- Madavoor-Pallickal Location in Kerala, India Madavoor-Pallickal Madavoor-Pallickal (India)
- Coordinates: 8°48′21″N 76°49′48″E﻿ / ﻿8.8058°N 76.8301°E
- Country: India
- State: Kerala
- District: Thiruvananthapuram
- Taluk: Varkala

Government
- • Body: Gram panchayat

Population (2008)
- • Total: 31,050

Languages
- • Official: Malayalam, English
- Time zone: UTC+5:30 (IST)
- PIN: 695602
- Telephone code: 0470
- Vehicle registration: KL-81
- Nearest city: Varkala
- Assembly constituency: Varkala
- Civic agency: Madvoor

= Madavoor-Pallickal =

 Madavoor is a village located on the Kollam -Trivandrum border, which was previously part of the old Kollam district. It is now under the Varkala Taluk of the Trivandrum district in the state of Kerala, India. It is situated 7 km west of Paripally, Kollam and 18 km east of Varkala.

==Demographics==
As of 2001 India census, Madavoor had a population of 20,855 with 9,932 males and 10,923 females.
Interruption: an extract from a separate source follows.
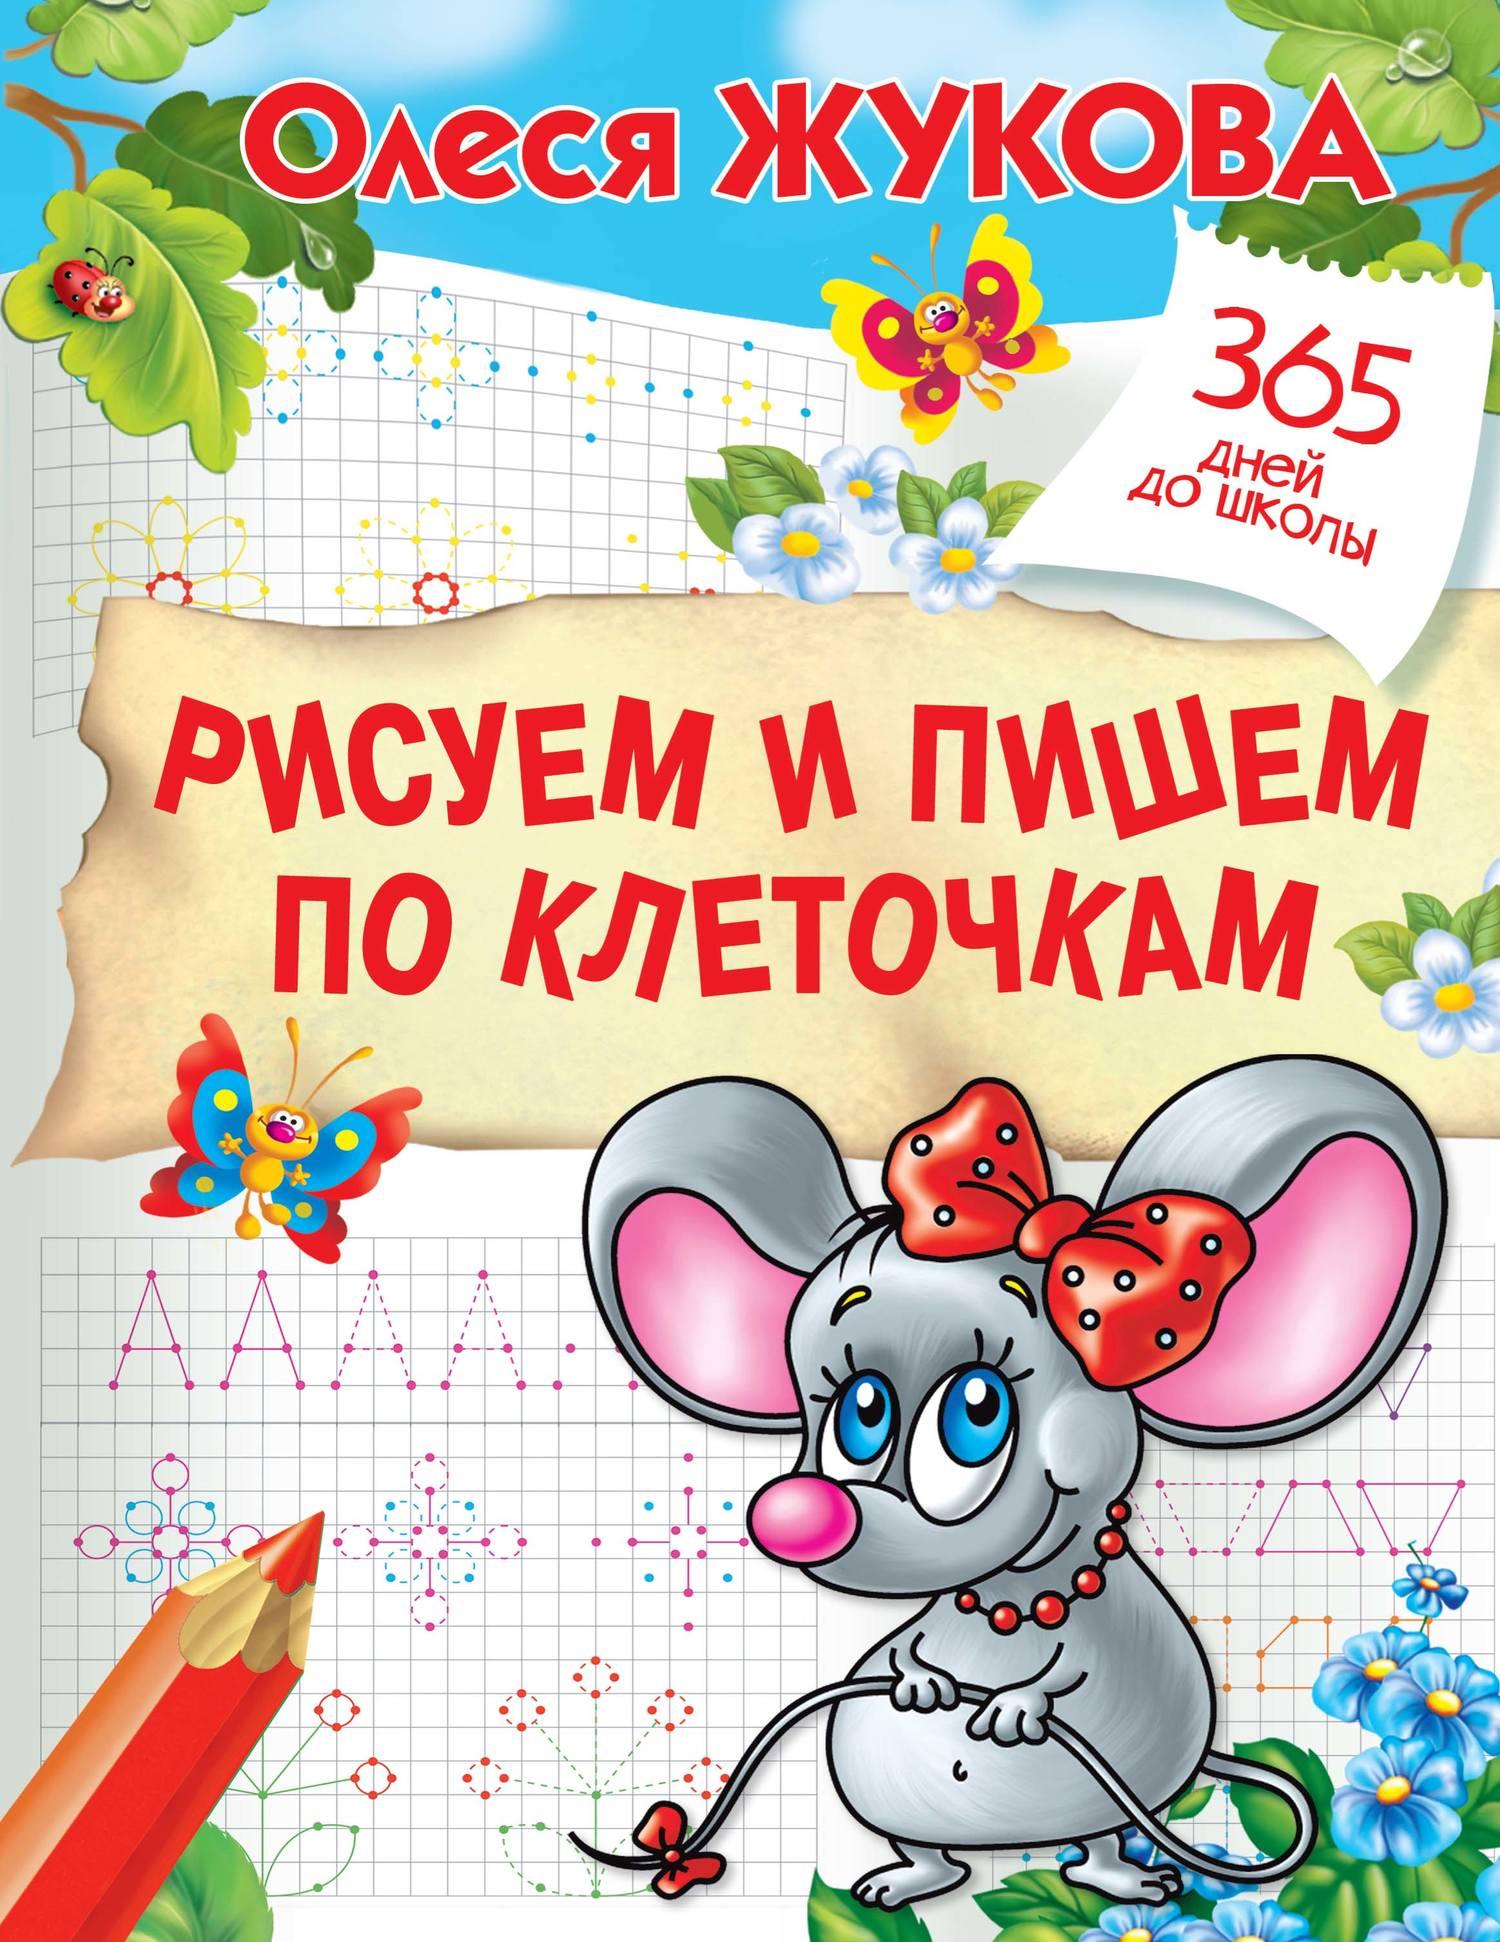 Олеся Жукова, книга Рисуем и пишем по клеточкам – скачать ...

It is located on the road connecting Kilimanoor and Nilamel (mc road) Parippally (National Highway)

Madavoor belongs to the South Kerala Division. It is located 45 km north of district headquarters Thiruvananthapuram.

Parippally, Pazhayakunnummel, Kilimanoor, Nagaroor, Chemmaruthy are the nearby villages. Nearby cities include Paravoor, Varkala, Attingal, and Kollam.
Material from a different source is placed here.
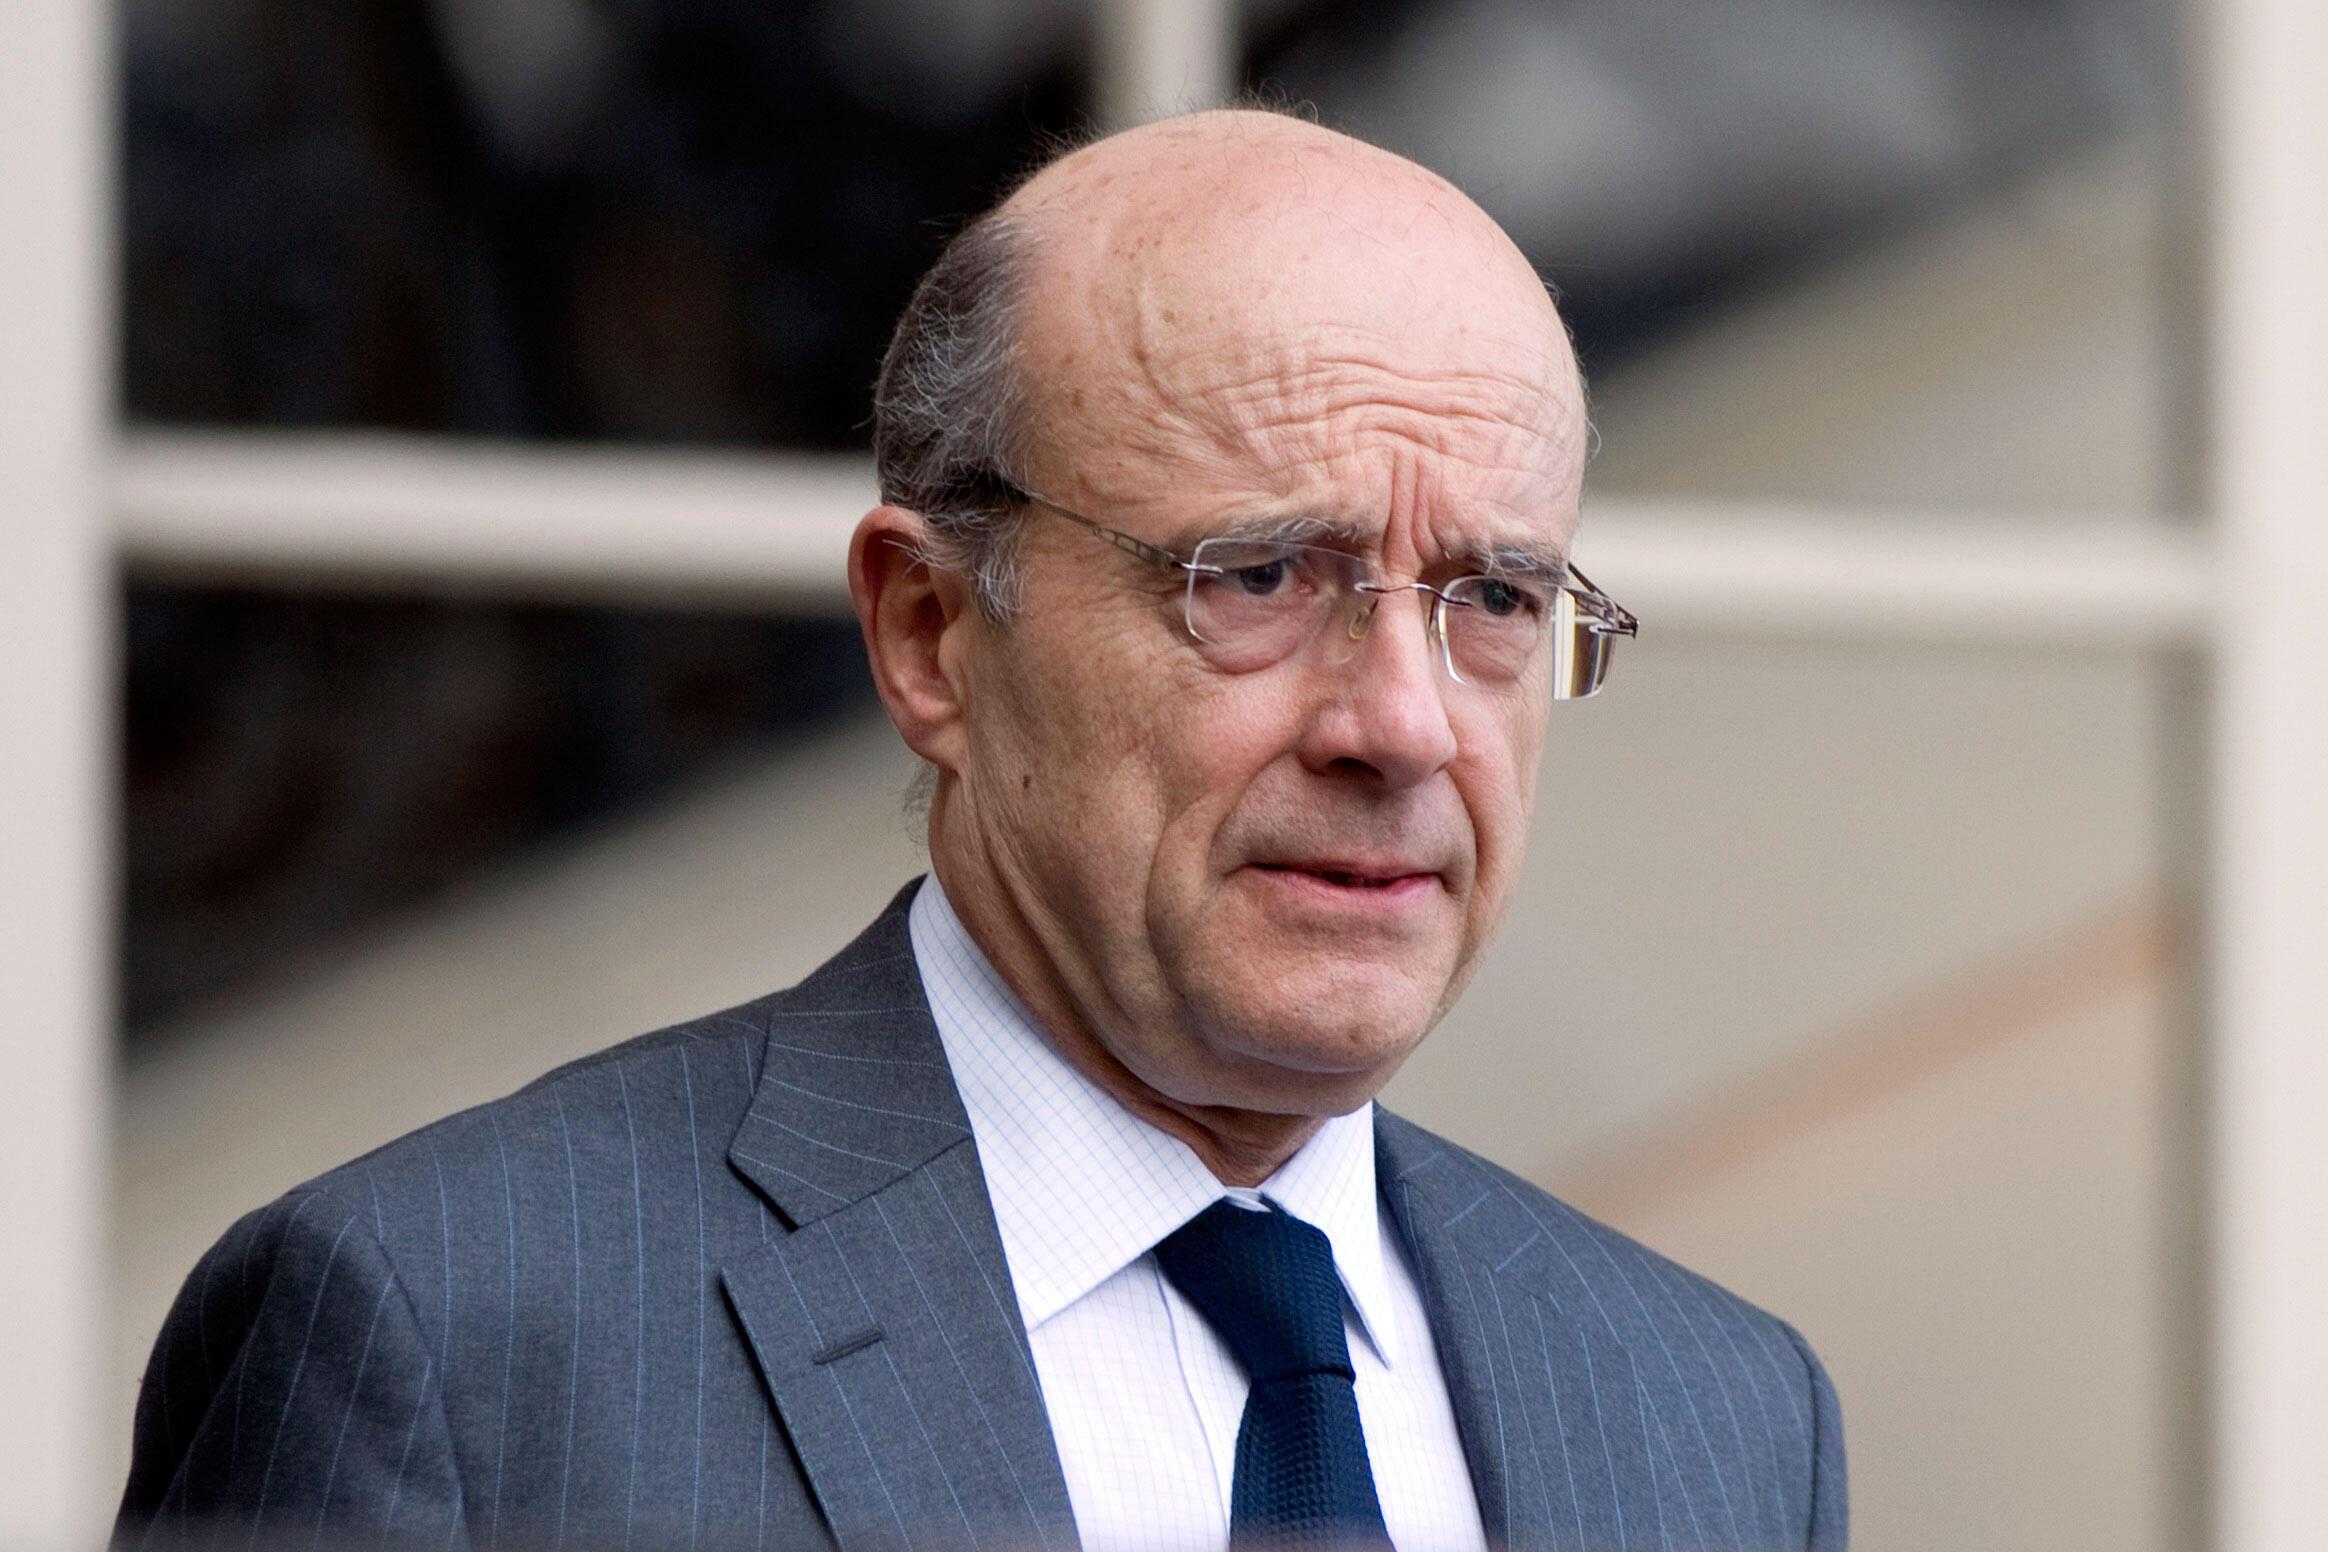 Si elle avait lieu aujourd'hui, Alain Juppé battrait largement Nicolas Sarkozy dans une primaire en vue de l'élection présidentielle de 2017, selon un sondage Odoxa pour Le Parisien daté du 24 mai 2015.

Madavoor is surrounded by Chadayamangalam Block to the east, Varkala Block to the south, Ithikkara Block to the west, and Chirayinkeezhu Block to the south.

Agriculture is the main profession in the village.

==Gramapanchayat==

The local self-government of Madavoor consists of 15 elected members. The office is located at Mavinmoodu, near N.S.S.H.S. Madavoor.